The audio signal, automatically calculated inverse filter results, and automatically obtained fits for five consecutive pitch periods of a vowel /e/ are given in Figure 2. The differentiated flow signals often contain a pronounced ripple. It is clear from this figure that attempts to measure the LF-parameters from the raw dUg or Ug signals would result in noisy estimates. For instance, the maximum of dUg (Ei) and the place of this maximum (Ti) are to a large extent determined by the ripple. By fitting a LF-model to the data the measurements are made more robust. The fit procedure is almost always able to find a combination of LF-parameters that generates a model signal that closely resembles the measured flow signal.

- insert Figure 3 about here -

In Fig. 3 the median values of the most relevant parameters are given for a voiced interval of one of the utterances. For some pitch periods the median values of all LF-parameters are -1, indicating that for the majority of the 25 combinations the fit was not successful for these periods. There are two causes that could hinder a good fit. Sometimes the estimate of the vocal tract transfer function was not correct, in which case inverse filtering did not yield a flow signal that resembles a LF-pulse even remotely. There were also cases, however, in which inverse filtering produced a reasonable estimate of dUg, but where the optimization routine did not converge. Not surprisingly, estimation problems occurred more often in voiced consonants, and during voice onset and offset (the first and last periods of a voiced segment) than during the steady parts of vowels.

Furthermore, it was observed that estimates of the parameters of the first part of the LF-model (the exponentially growing sine wave, i.e. Tp, Te, Ee) varied less than those of the return phase (i.e. Ta). Partly this is due to the fact that the duration of the first part is longer than the duration of the return phase. But another cause is that the return phase often is not smooth and contains a ripple (see Fig. 2). This pronounced ripple often affects the automatic fitting process for the return phase. In many cases a reasonable fit could be reached for the first part of the LF-model, but not for the return phase. The result is that the median value of Ta often is -1, while the other parameters are not (see Fig. 3).

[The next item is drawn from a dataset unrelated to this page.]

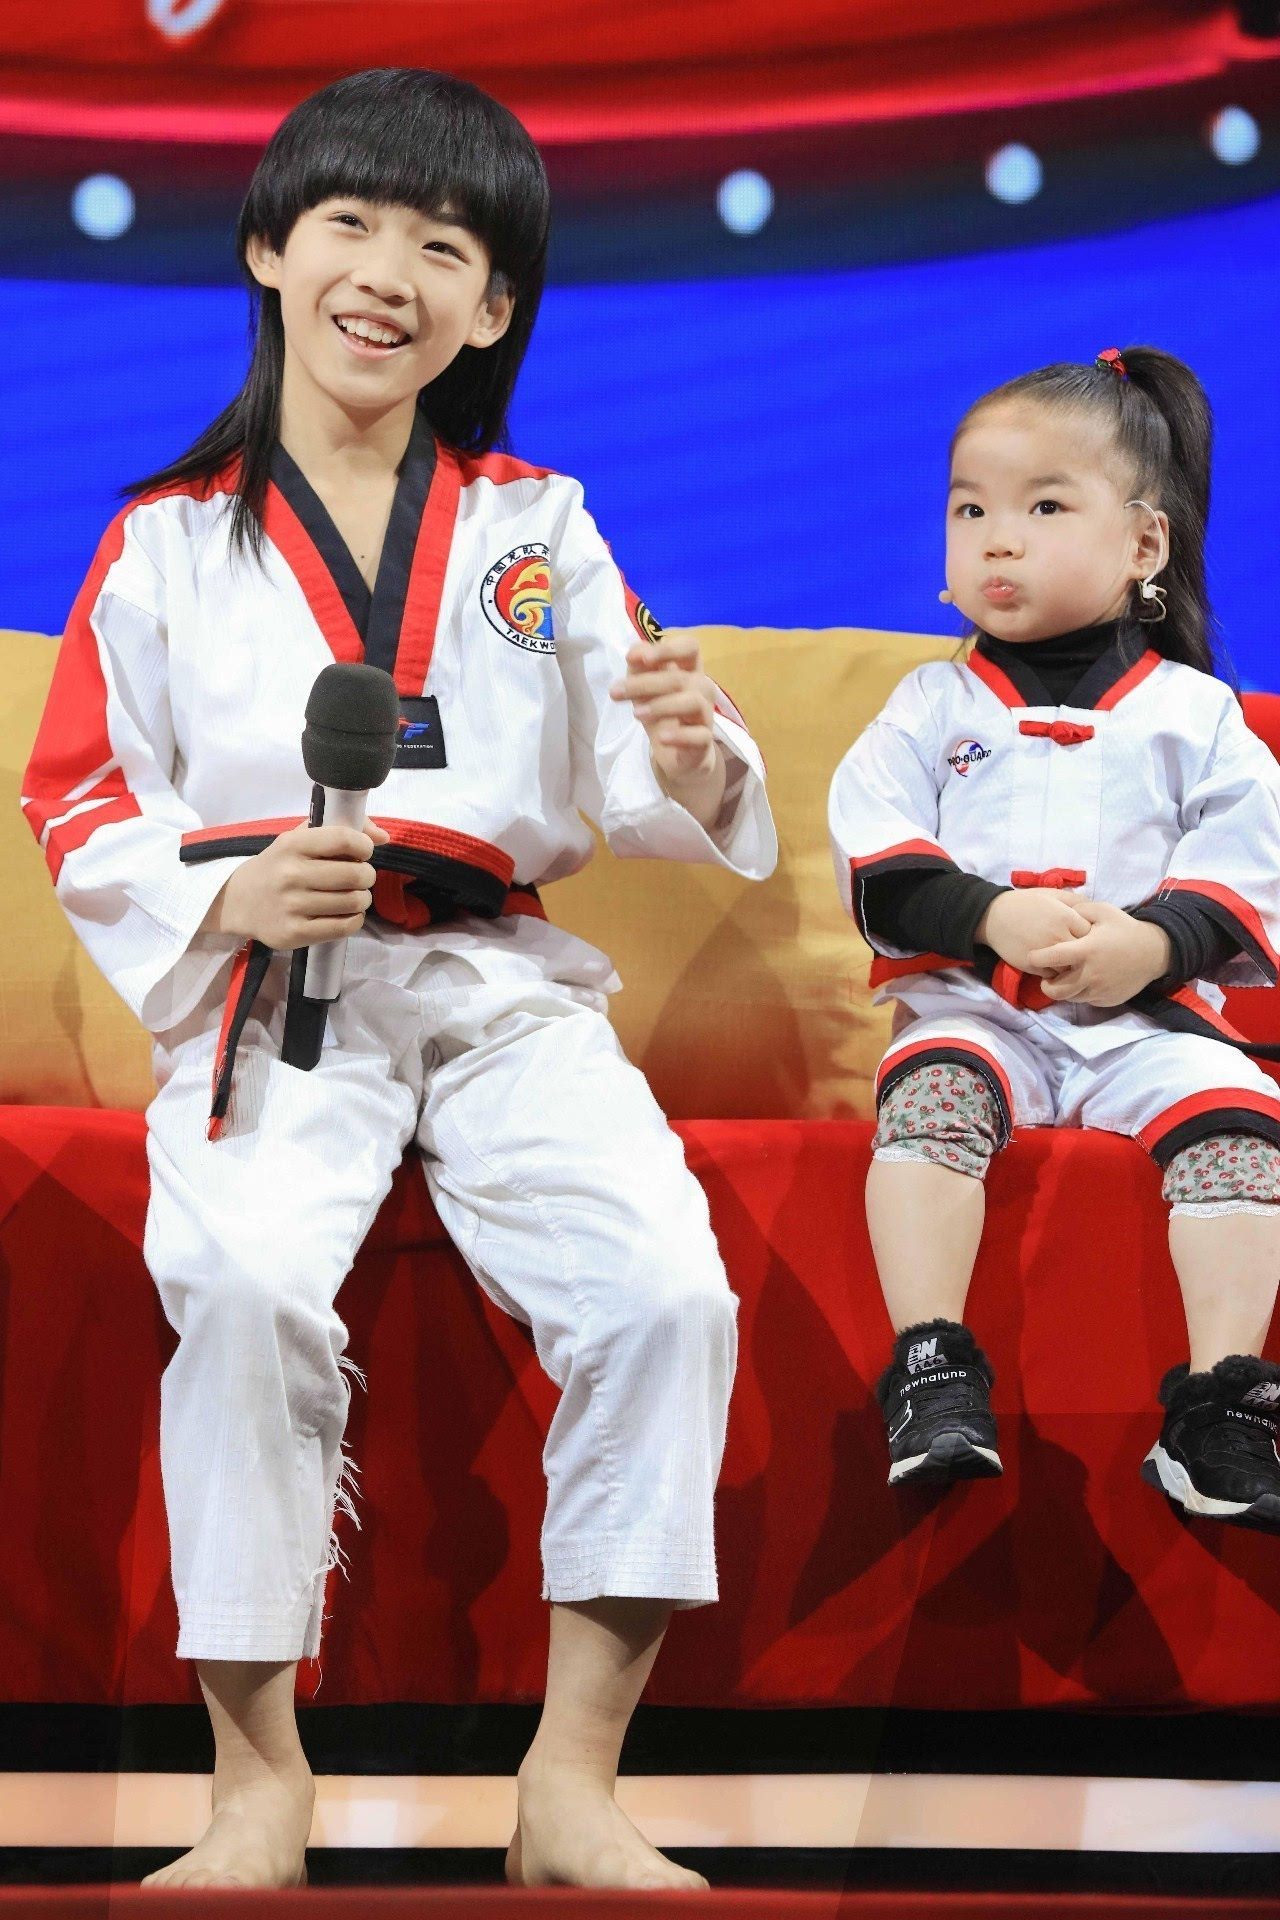 第三期节目中,来自浙江的龙拳小子林秋楠携甜心妹妞妞登上舞台.

For the moment we do not know whether the failure of the fit procedure to converge to an acceptably small error is due to computational problems or to the failure of the LF-model to approximate all glottal flow pulse forms that occur in real speech.

3.1. General behaviour

Typical behaviour of the LF-parameters can be observed in Fig. 3. During transitions from vowel to consonant T0, Ta, and Tn generally increase, while transglottal pressure (Ptr), Uo, Ee, and Int decrease. The consistent reciprocal relation between the parameters in these two sets is reflected in the correlation coefficients (see Table I), which are all negative and highly significant (p<0.0001). For these and all following correlation coefficients the level of significance for a two-tailed test was calculated (Ferguson, 1987). The correlation coefficient between two sets of 613 samples is said to be significant at the 0.01% level (p<0.0001) if its absolute value is larger than 0.16.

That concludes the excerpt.